Островский. Драматург всея руси - Замостьянов Арсений Александрович. Страница 1
Островский. Драматург всея Руси
сост. Замостьянов А. А.
© Замостьянов А. А., сост
© ООО «Издательство Родина», 2023
Отец русского театра
200 лет назад, 12 апреля 1823 года, родился Александр Островский – самый популярный и плодовитый русский драматург, классик золотого века нашей культуры, который по праву стоит в одном ряду с Тургеневым, Достоевским, Львом Толстым – современниками, каждый из которых знал и любил его драмы. Островский создал театральный репертуар для сотен русских театров – написал под 50 оригинальных пьес и дюжину переводных.
Александр Николаевич Островский
Сын юриста
Певец (хотя и далеко не всегда восторженный!) московского купечества, «Коломб Замоскворечья», он родился вовсе не в торговой семье. Родители Островского происходили из духовного сословия, но отец избрал для себя другое поприще – юридическое. Он собрал недурную библиотеку, которая стала для сына «вратами учености». Будущий драматург изучил семь языков, русскую литературу знал в совершенстве, да и в законах был докой. Но больше всего любил театр.

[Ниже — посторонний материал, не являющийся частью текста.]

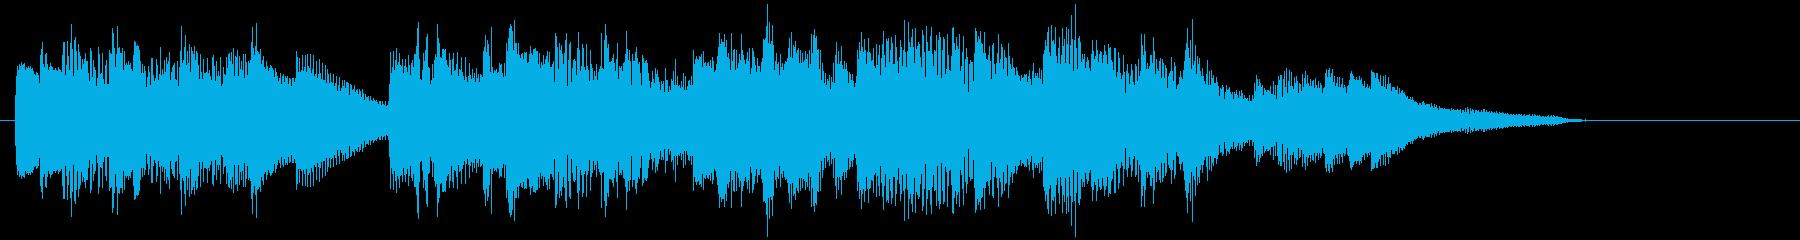 爽やかに駆け抜けるピアノジングルの再生済みの波形

Он считал его и кафедрой, с которой можно просвещать людей, и волшебством – и рано почувствовал свое призвание писть именно для театра. Жили они в Замоскворечье – и Александр с детства хорошо знал купеческий быт. Его-то он и намеревался вывести на сцену. Но сперва Островский послушался отца, поступив на юридический факультет университета, хотя терпеть не мог правоведения.
Литературный драматург
Впрочем, он не внял родительским запретам, когда завел роман с «московской мещанкой» Агафьей Ивановной, которая, по-видимому, был дочерью крепостных крестьян. «Ей он был многим обязан по части знания быта и, главное, языка, разговоров, бесчисленных оттенков юмора и краснобайства обитателей московских урочищ», – вспоминал писатель Петр Боборыкин. Она слыл отличной хозяйкой, 20 лет переживала с Островским и беды, и радости, всё ему прощала, при этом держалась удивительно скромно, как будто стесняясь своего происхождения, хотя драматург терпеть не мог сословного чванства. Его театральная жизнь, как это ни банально, стала чередой взлетов и падений. Поначалу Островский стал литературным драматургом». То есть, его пьесы печатались в журналах, но не появлялись на сцене.
Полицейский надзор
Пожалуй, первой серьезной пьесой Островского стал «Банкрот» («Свой люди – сочтемся!»). Ее удалось опубликовать в журнале «Московитянин» и даже выпустить отдельным изданием. Лев Толстой назвал Островского «гениальным драматическим писателем». Но сценическая судьба «Банкрота» оказалась трудной. Отзыв цензуры оказался немилосердным: «Все действующие лица: купец, его дочь, стряпчий, приказчик и сваха, отъявленные мерзавцы. Разговоры грязны, вся пьеса обидна для русского купечества». Пьесу запретили, а автор – как кур в ощип – попал под полицейский надзор.
Триумфальные сани
Зато в историю театр вошел студеный вечер 14 января 1853 года. Первая полноценная премьера Островского – «Не в свои сани не садись». Москва, переполненный зал Большого театра, в котором в те времена давали не только оперы и балеты, но и драматические спектакли.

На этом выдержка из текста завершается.